Exercise requirements:
The copy must match the data below line for line and contain no images.

Information provided:
= = = = = = =

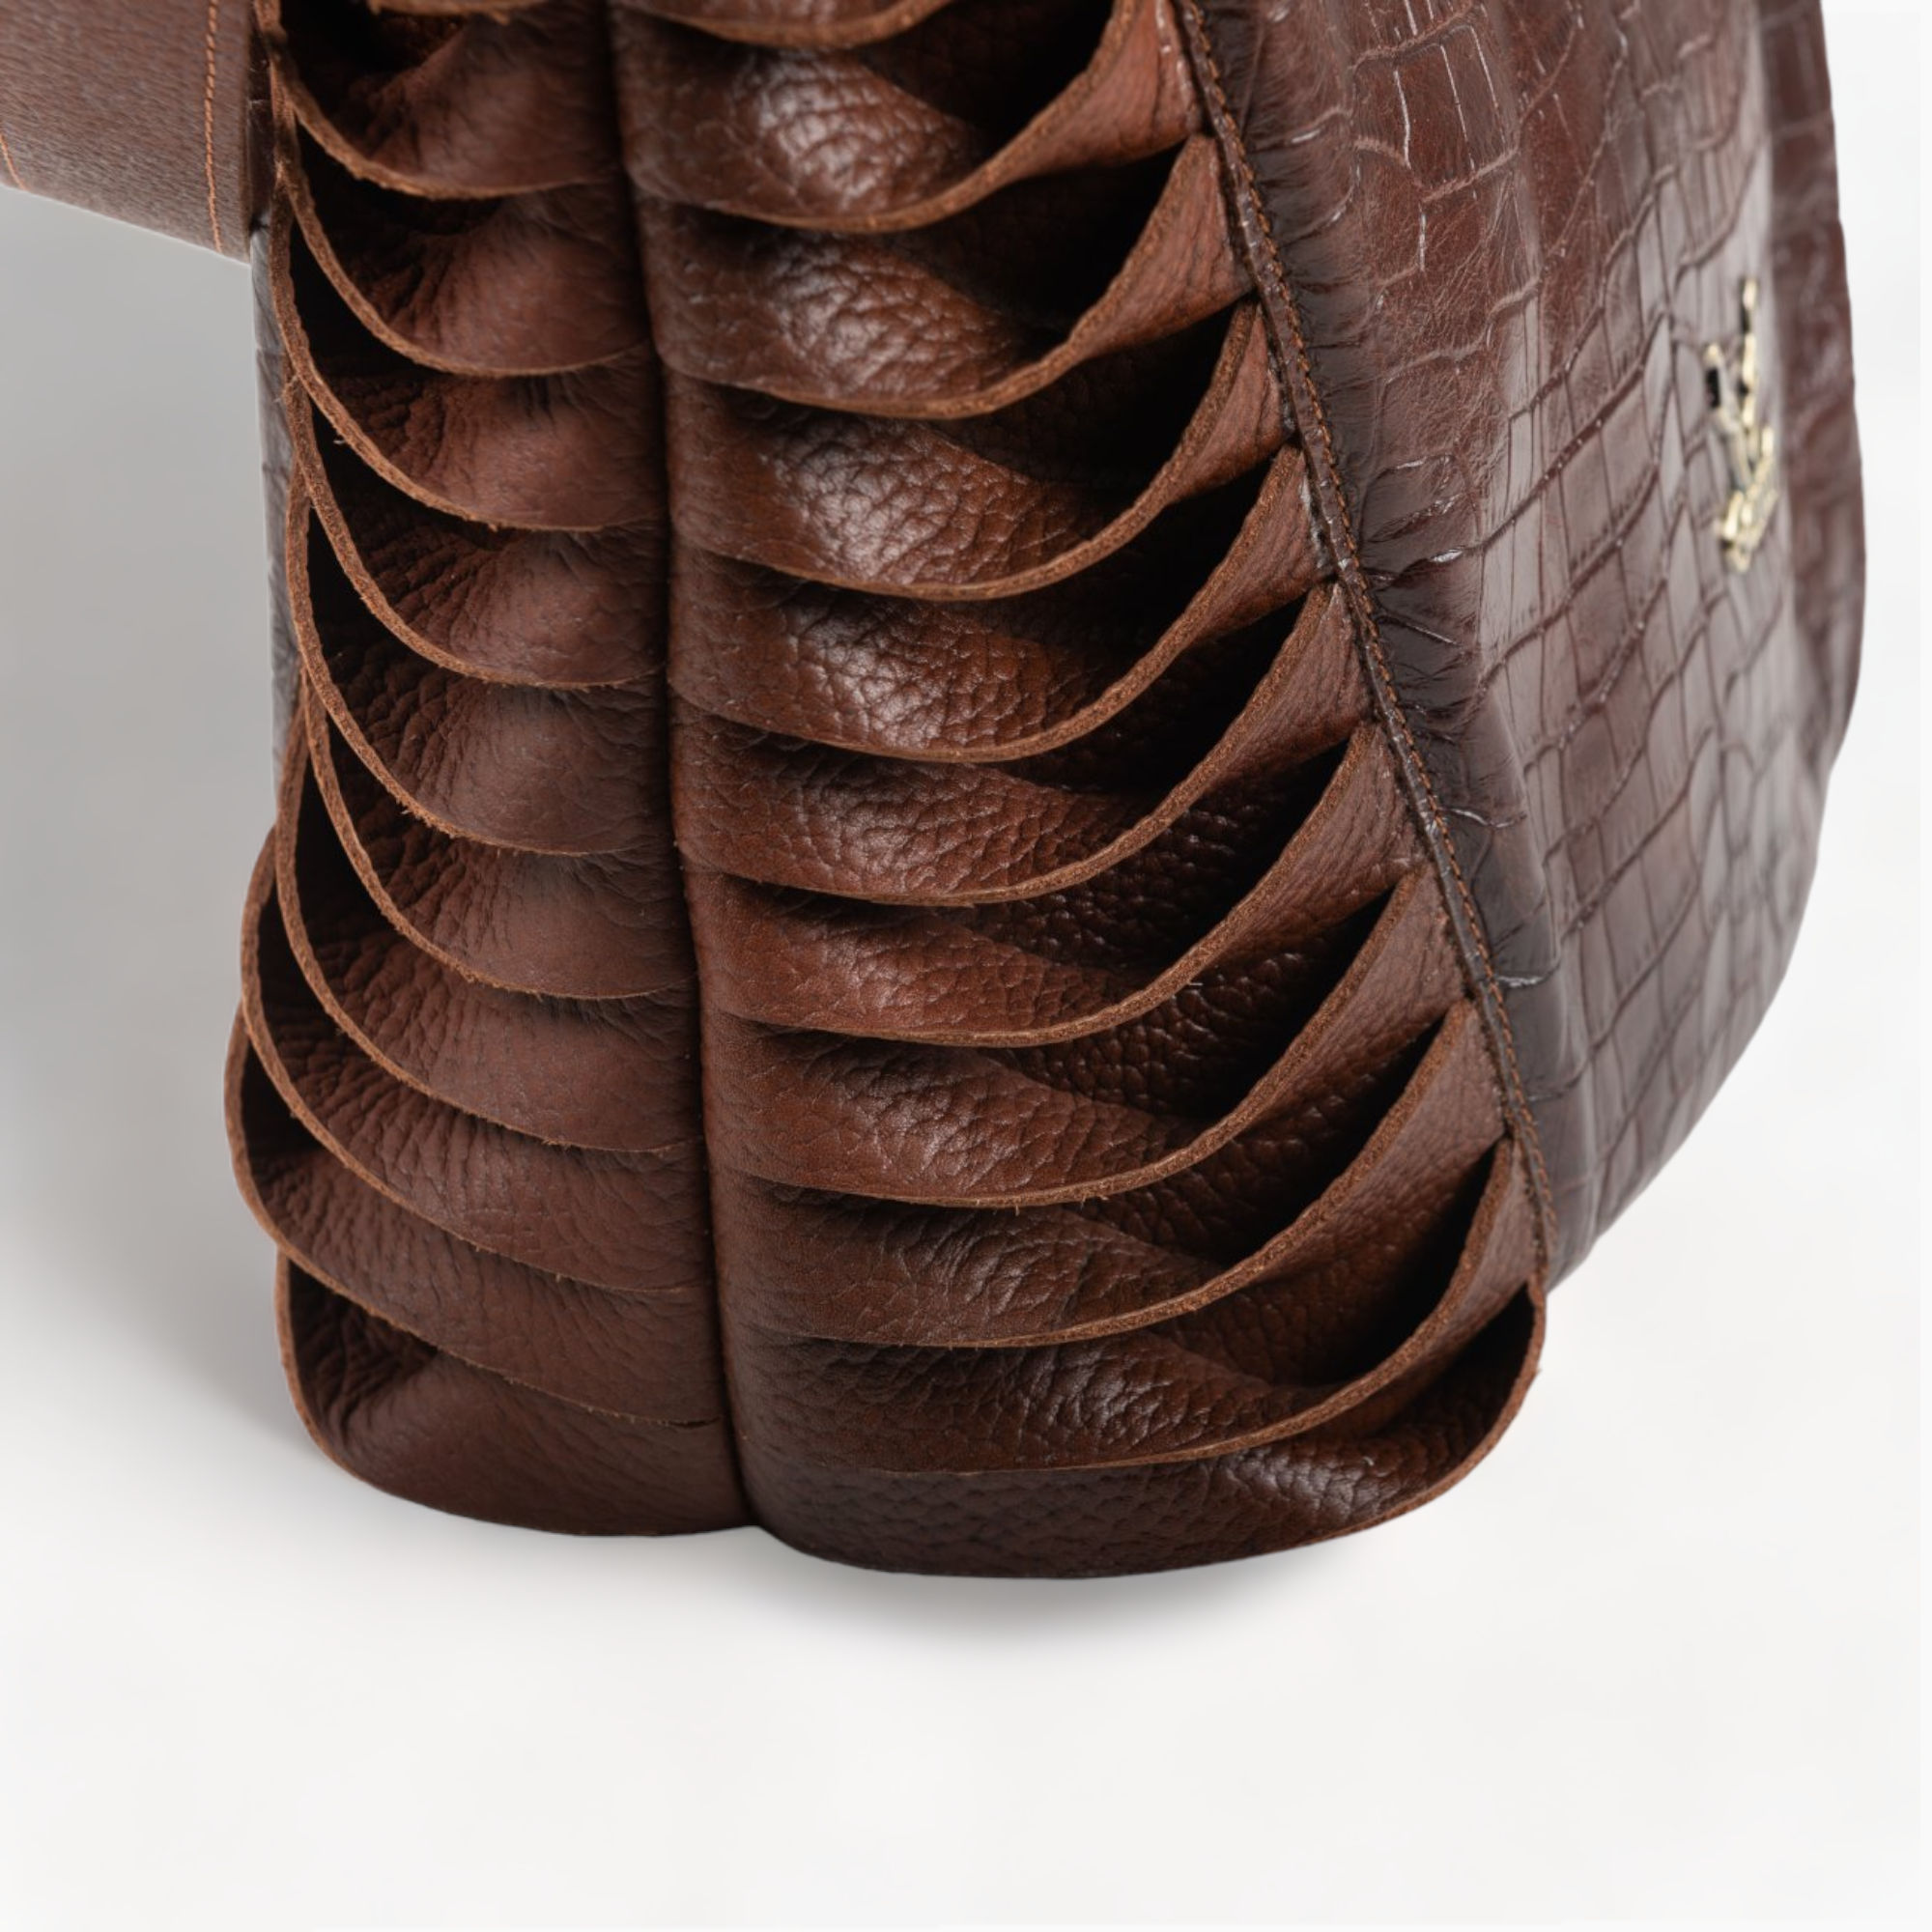 Leather shoulder bag in brown color
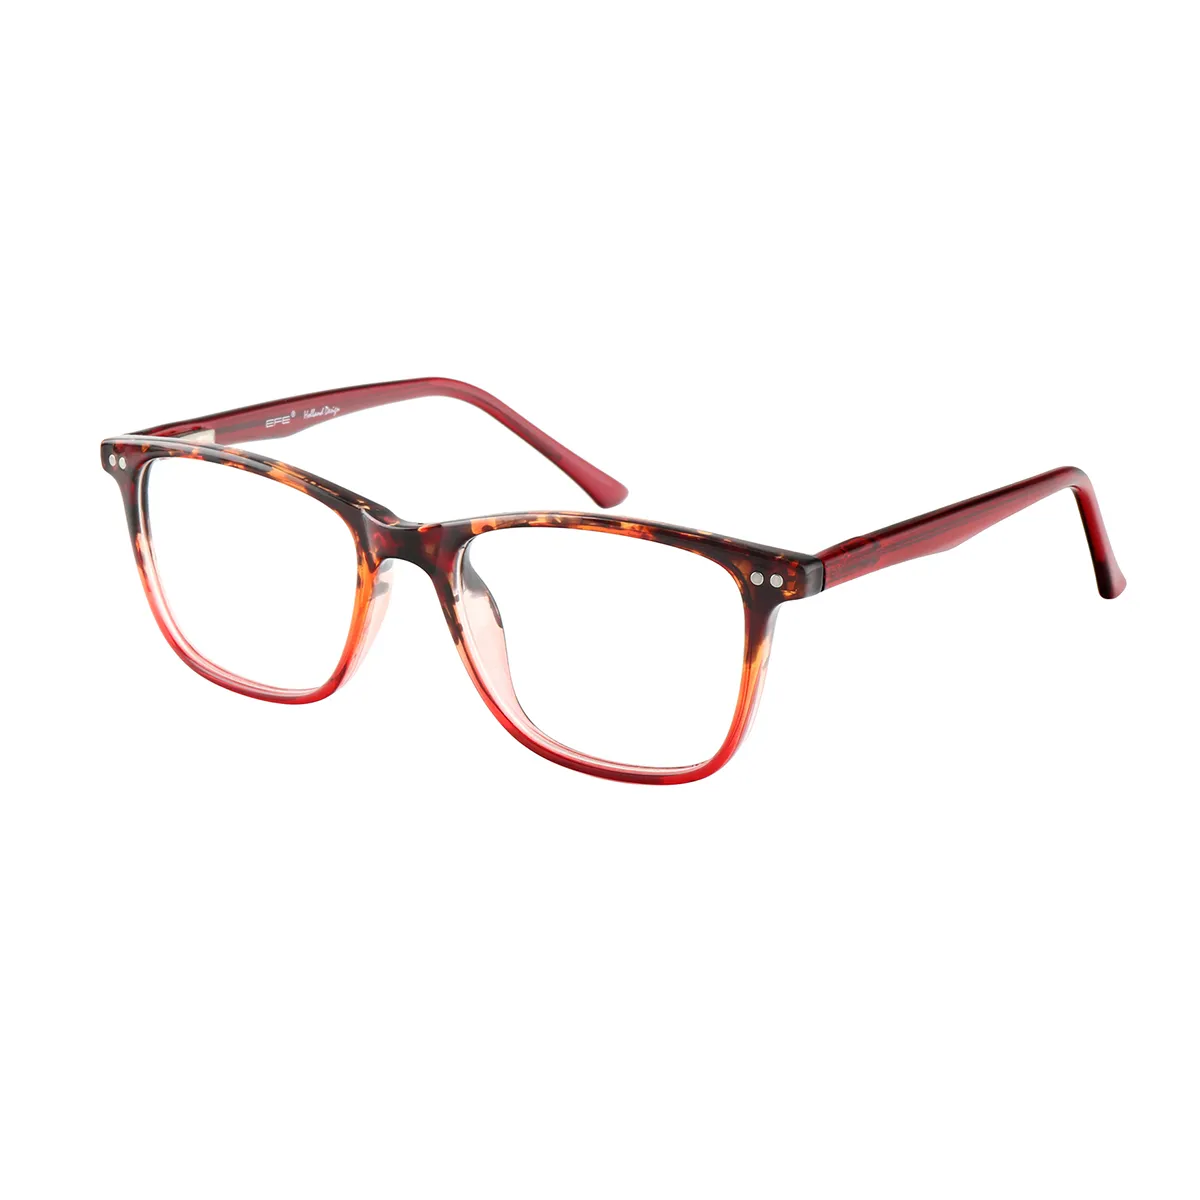 Gibbons - Rectangle Tortoiseshell Glasses for Men & Women
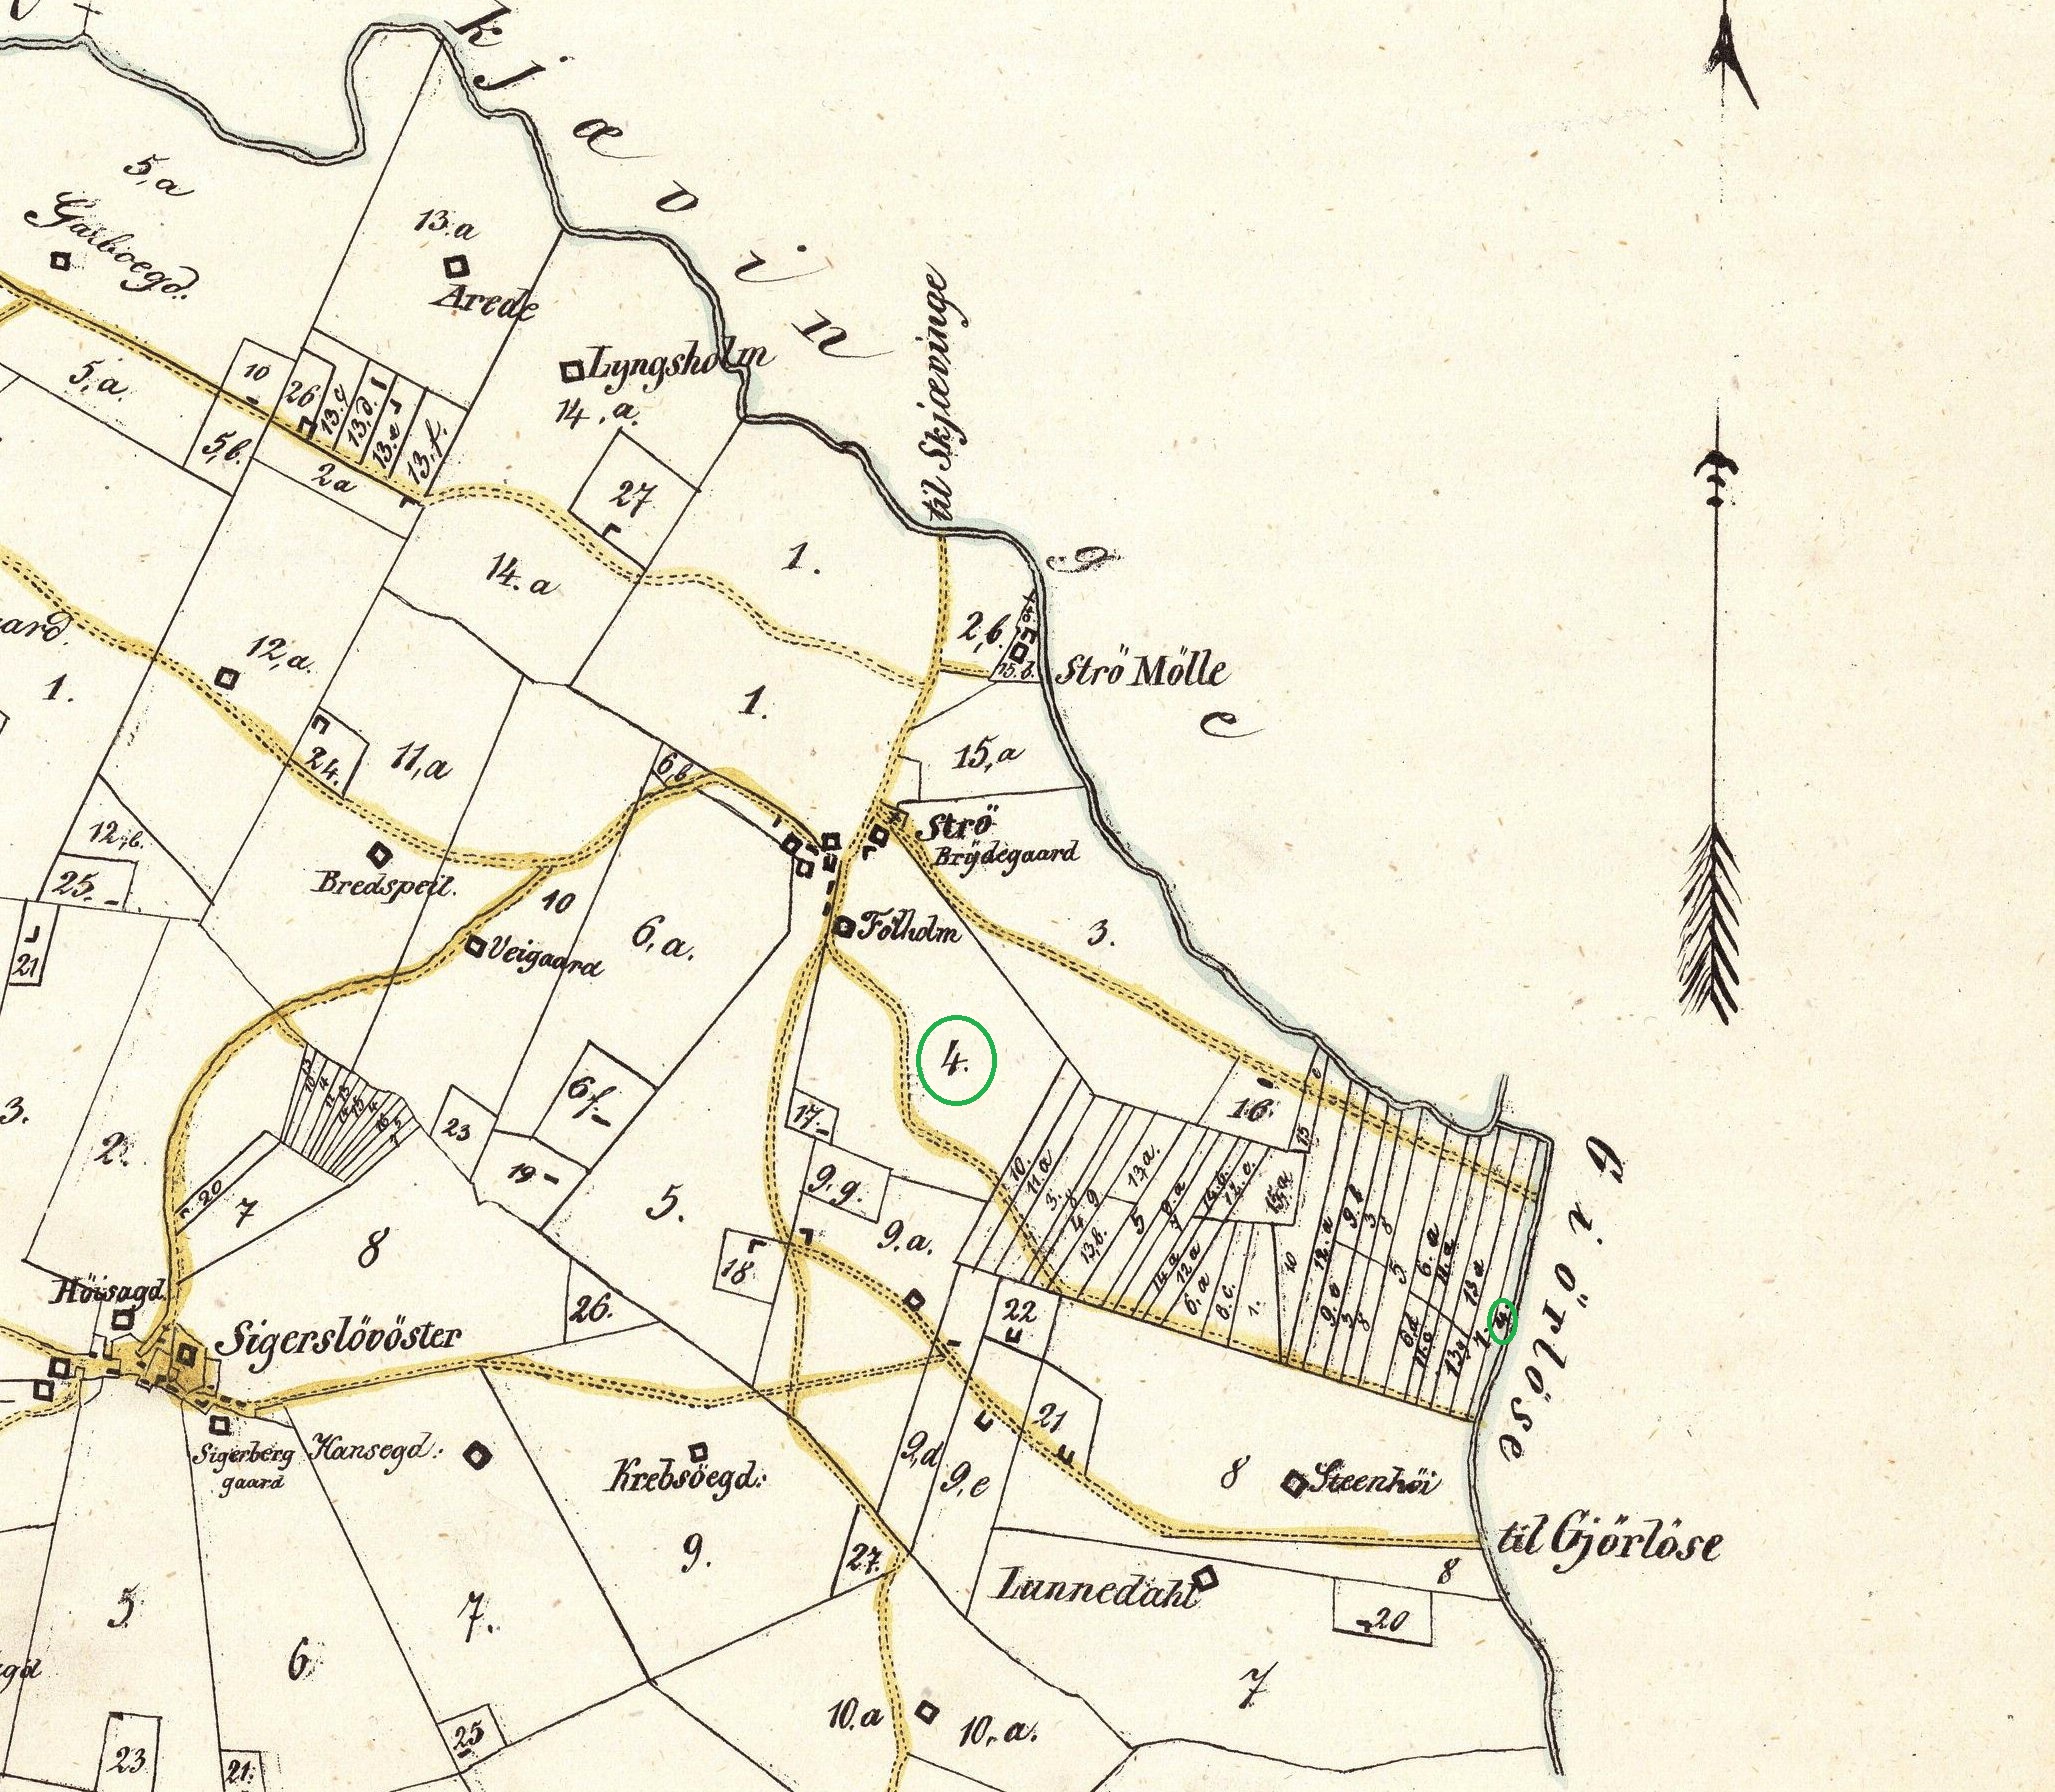 Flholms arealer 1850

= = = = = = =

Written response:
 Leather shoulder bag in brown color
 Gibbons - Rectangle Tortoiseshell Glasses for Men & Women
 Flholms arealer 1850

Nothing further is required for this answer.